Axel's root Blog

for nerds only - little stories from the everyday sysadmin life with problems and their hard-to-find solutions

SATA Drives exception PHYRdyChg timeout

2010-05-24 by Axel Reinhold, tagged as hardware, linux
Between two and five times a month i had sata kernel exceptions with 40 seconds timeouts and freezing the server completely.

The hardware is a Fujtsu professional server and the hosting provider was rather helpless after we exchanged drives, cables and two times the whole server. The kernel is a current RedHat Enterprise 5.5 kernel. The SMART-data of the disks showed no errors.
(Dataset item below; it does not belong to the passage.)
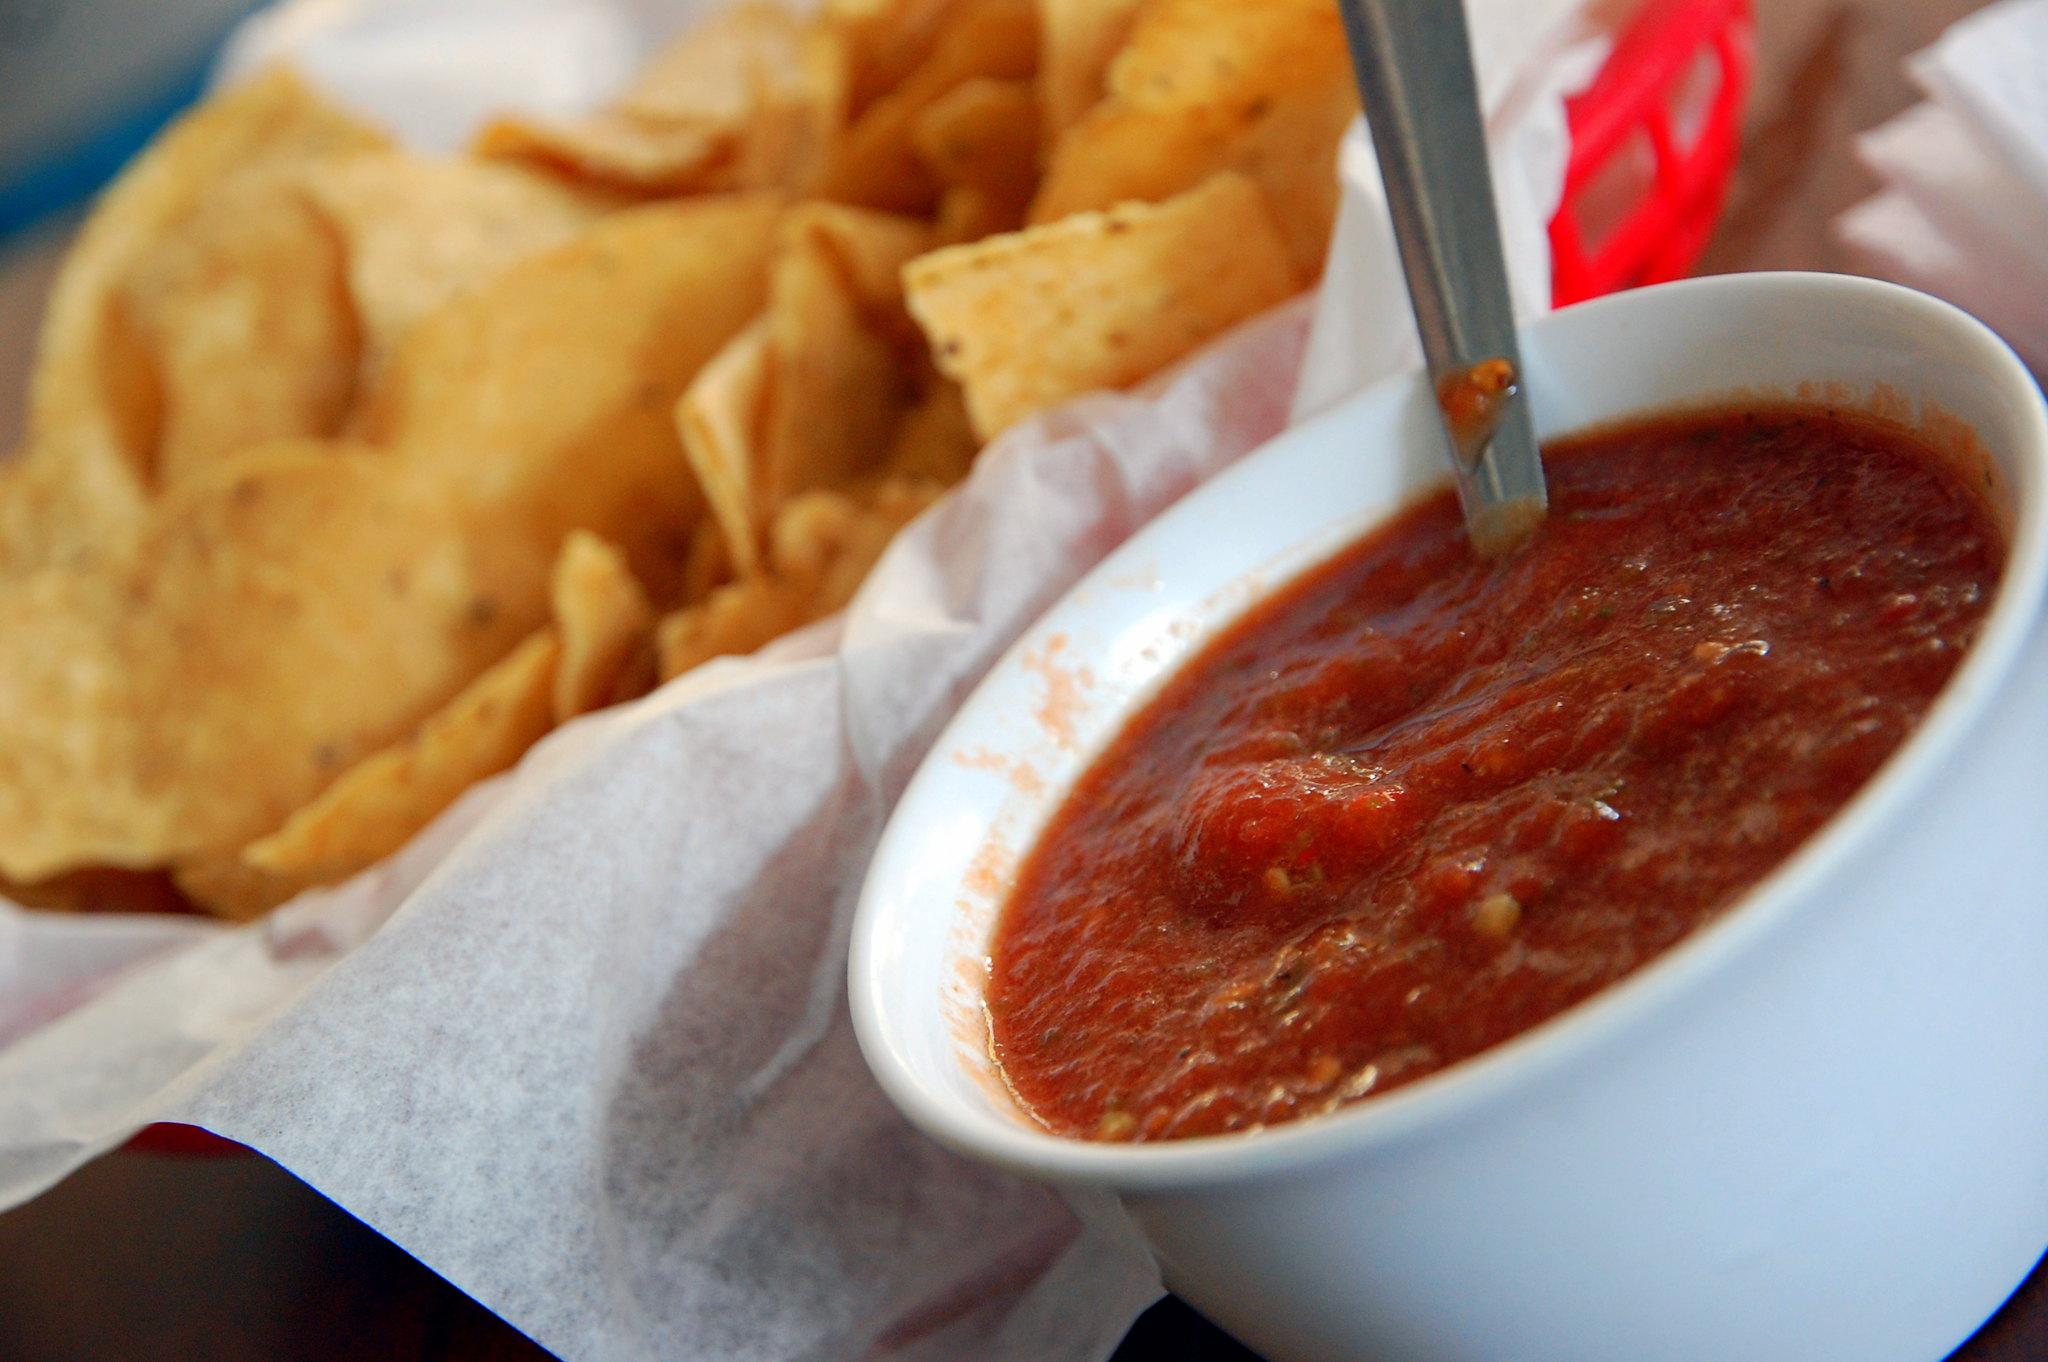 Chips 'n' HOT Salsa

The kernel logged these messages while the freeze:

kernel: ata1.00: exception Emask 0x10 SAct 0x0 SErr 0x10000 action 0xe frozen
kernel: ata1.00: irq_stat 0x00400000, PHY RDY changed
kernel: ata1: SError: { PHYRdyChg }
kernel: ata1.00: cmd ea/00:00:00:00:00/00:00:00:00:00/a0 tag 0
kernel:          res 40/00:04:7e:d9:78/00:00:05:00:00/40 Emask 0x10 (ATA bus error)
kernel: ata1.00: status: { DRDY }
kernel: ata1: hard resetting link
kernel: ata1: link is slow to respond, please be patient (ready=0)
kernel: ata1: SATA link up 3.0 Gbps (SStatus 123 SControl 300)
kernel: ata1.00: qc timeout (cmd 0xec)
kernel: ata1.00: failed to IDENTIFY (I/O error, err_mask=0x5)
kernel: ata1.00: revalidation failed (errno=-5)
kernel: ata1: failed to recover some devices, retrying in 5 secs
kernel: ata1: hard resetting link
kernel: ata1: SATA link up 3.0 Gbps (SStatus 123 SControl 300)
kernel: ata1.00: configured for UDMA/133
kernel: sd 0:0:0:0: timing out command, waited 30s
kernel: ata1: EH complete
kernel: SCSI device sda: 488397168 512-byte hdwr sectors (250059 MB)
kernel: sda: Write Protect is off
kernel: SCSI device sda: drive cache: write back

I feared raid inconsistencies and filesystem/database curruption during this complete freezing. After hours of analysing and google'ing for this non-reproducible and dangerous behaviour i found this RedHat bug report. This report claims WD-Drives having serious problems with NCQ (native command queuing) - which is a performance feature of modern disks. Jeff Burke - who tracked down this issue - said: "So, apparently Western Digital don't have a clue how to do NCQ... I think these drives should be permanently blacklisted in kernel's libata.c, with NCQ on they are an absolute menace."

Since the disks in use were also from Western Digital i patched their disk-ids into the ncq-blacklist of the kernel:

--- a/drivers/ata/libata-core.c 2010-05-20 20:39:08.000000000 +0200
+++ b/drivers/ata/libata-core.c 2010-05-20 20:43:54.000000000 +0200
@@ -3924,6 +3924,7 @@
        { "Maxtor 7V300F0",     "VA111630",     ATA_HORKAGE_NONCQ },
        { "ST380817AS",         "3.42",         ATA_HORKAGE_NONCQ },
        { "ST3160023AS",        "3.42",         ATA_HORKAGE_NONCQ },
+       { "WDC WD2502ABYS-5*",  NULL,           ATA_HORKAGE_NONCQ },

        /* Blacklist entries taken from Silicon Image 3124/3132
           Windows driver .inf file - also several Linux problem reports */
With this patch, which disables using NCQ with these drives, the problem never appeared again. To verify the patch has disabled NCQ for the disks dmesg says NCQ (not used):
ata1.00: ATA-8: WDC WD2502ABYS-50B7A0, 02.03B04, max UDMA/133
ata1.00: 488397168 sectors, multi 16: LBA48 NCQ (not used)
ata1.00: configured for UDMA/133
Fortunately i had no performance degration due to the disabled NCQ.